Manston se arregló la corbata azul con lunares y puso cara de pena.
—¡Por favor! —dijo.
—Entonces debe de haber sido Pobjoy.
—¿Quieres que haga público algún tipo de réplica?
—No. No le prestes atención. Lo resolveré con Pobjoy cuando le vea. Gracias por llamar, Charles.
Garrod dio por terminada la conversación. Se recostó en el asiento e intentó poner la mente en blanco para dormirse otra vez, pero una brizna de inquietud se agitaba en sus pensamientos, igual que una resplandeciente serpiente retorciéndose en la superficie de una charca. El último año con Esther le había hecho volverse muy sensible a ciertas cosas, y en ese momento tenía la firme sensación de ser manipulado, de que otra persona le estaba utilizando. Las declaraciones de Pobjoy a la prensa no eran una simple imprudencia, eran una flagrante contradicción de la esencia de la única conversación que había mantenido con Garrod. No había dado la impresión de ser un hombre capaz de actuar sin un motivo bien pensado. Mas ¿qué esperaba conseguir?

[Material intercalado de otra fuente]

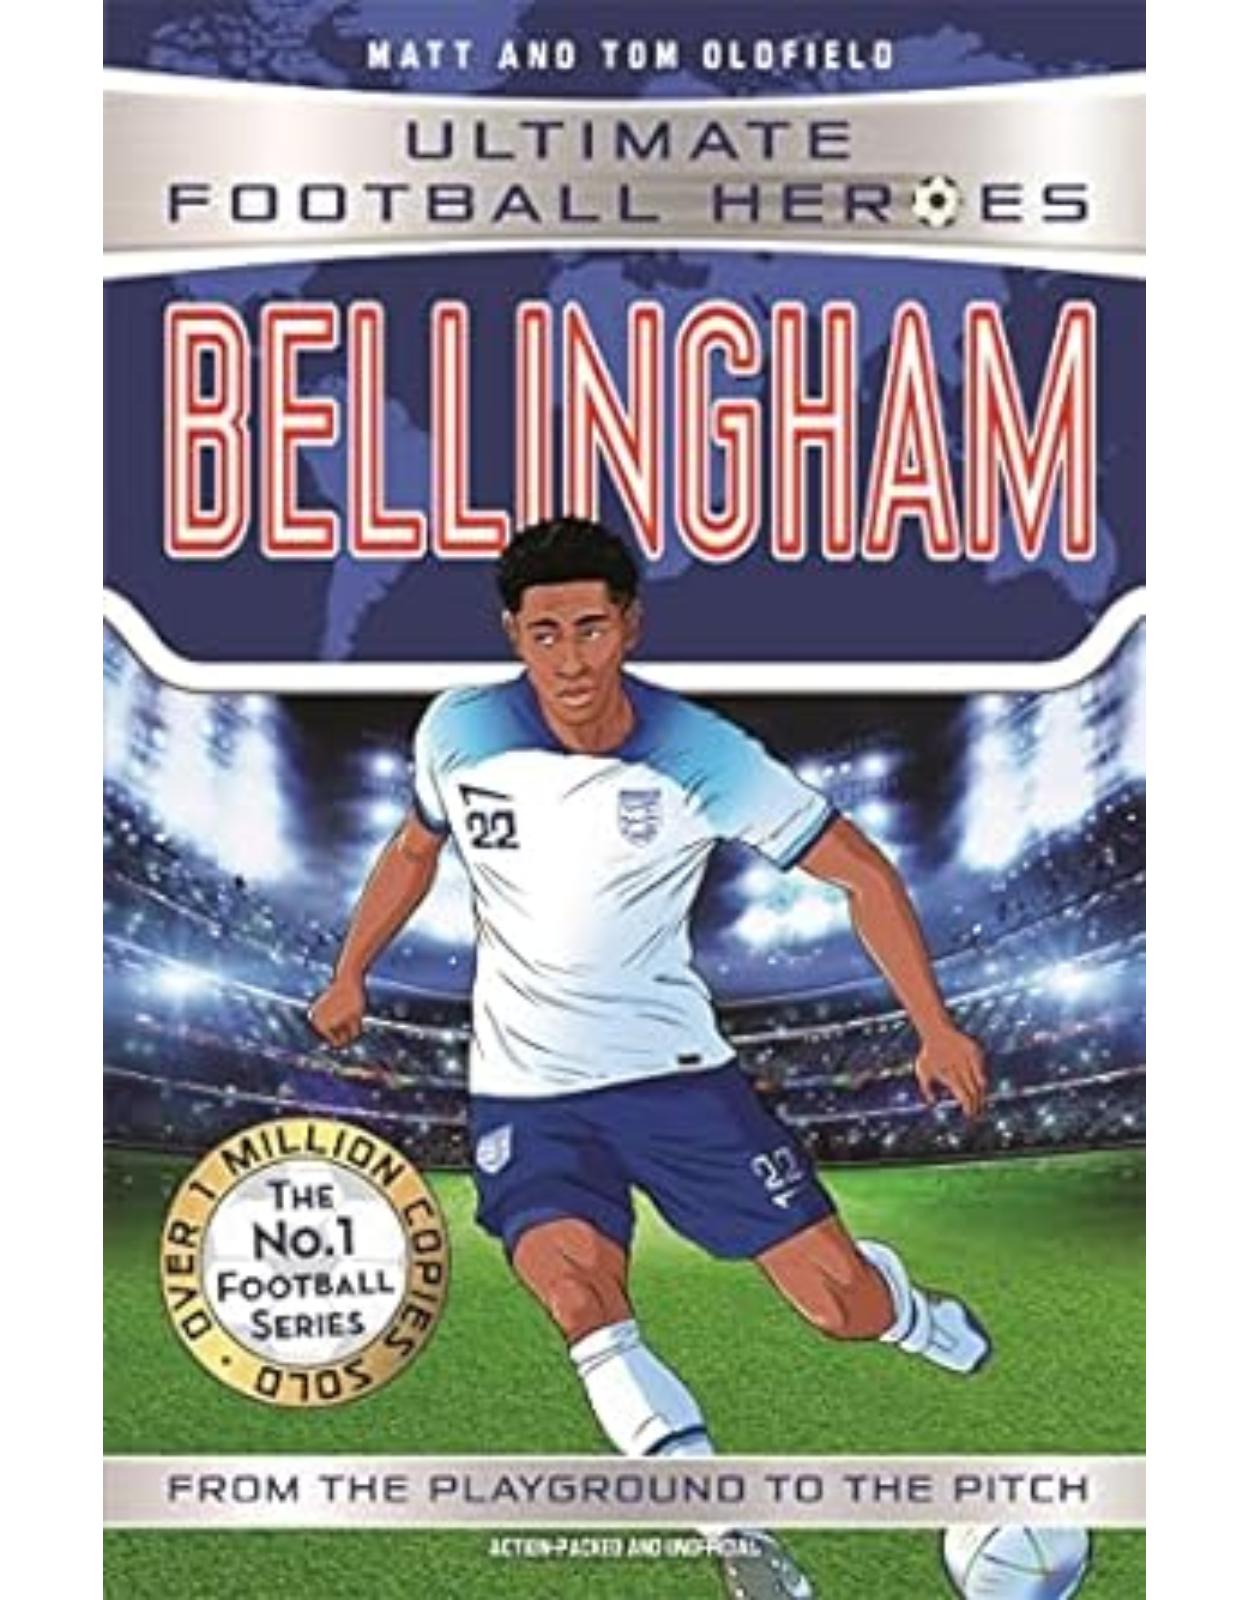 Bellingham (Ultimate Football Heroes - The No.1 football series)

El mediodía era claro y luminoso cuando el avión de Garrod aterrizó en la pista de un aeropuerto próximo a Augusta. Mientras el aparato se deslizaba en la zona de recepción del aeropuerto privado, Garrod miró a través de las ventanillas y vio el ya familiar grupito de reporteros y camarógrafos. Algunos de ellos llevaban hojas de retardita, pero los demás como reflejo de las luchas que se estaban produciendo entre las secciones del sindicato de reporteros gráficos sostenían en sus manos el equipo fotográfico convencional. En el último instante Garrod se acordó de coger los discos oculares de Esther y asegurarlos a su solapa. Al salir del avión, los periodistas se precipitaron hacia la pista, pero fueron frenados por un fuerte contingente de policía uniformada. La alta y fornida figura de Miller Pobjoy se destacó con su traje de seda azul medianoche.
—Lamento que haya tanta gente —dijo tranquilamente, mientras estrechaba la mano de Garrod—. Le sacaremos de aquí en seguida. —Hizo una señal con la mano, apareció un automóvil junto al avión y en cuestión de segundos Garrod estuvo dentro y dirigiéndose hacia las puertas del aeropuerto—. Supongo que ya estará acostumbrado a que le traten como a una celebridad.
—No soy tan célebre —replicó rápidamente Garrod—. ¿Qué pretendían comunicando ese disparate a la prensa ayer por la noche?
—¿Disparate, señor Garrod?
Pobjoy parecía sorprendido.
—Sí… eso de la confianza en poder determinar quién fue el asesino con nuevas técnicas de análisis.
La arrugada frente de Pobjoy recuperó la tersura y el lustre color estaño.
—¡Oh, es eso! Alguien de nuestra sección de publicidad llevó su entusiasmo demasiado lejos, supongo. Ya sabe cómo son estas cosas.
—A decir verdad, no lo sé. Mi director de publicidad despediría al primer empleado que hiciera una cosa así. Y después yo le despediría a él por haber permitido que pasara eso.
—Alguien perdió el sentido, perdió la cabeza, eso es todo. —Pobjoy se encogió de hombros—. Para el estado es muy violento que Wescott fuera asesinado aquí… La única razón de que el crimen ocurriera en Maine es que el senador nos visitaba regularmente para cazar y pescar. Todo el mundo está ansioso por colaborar.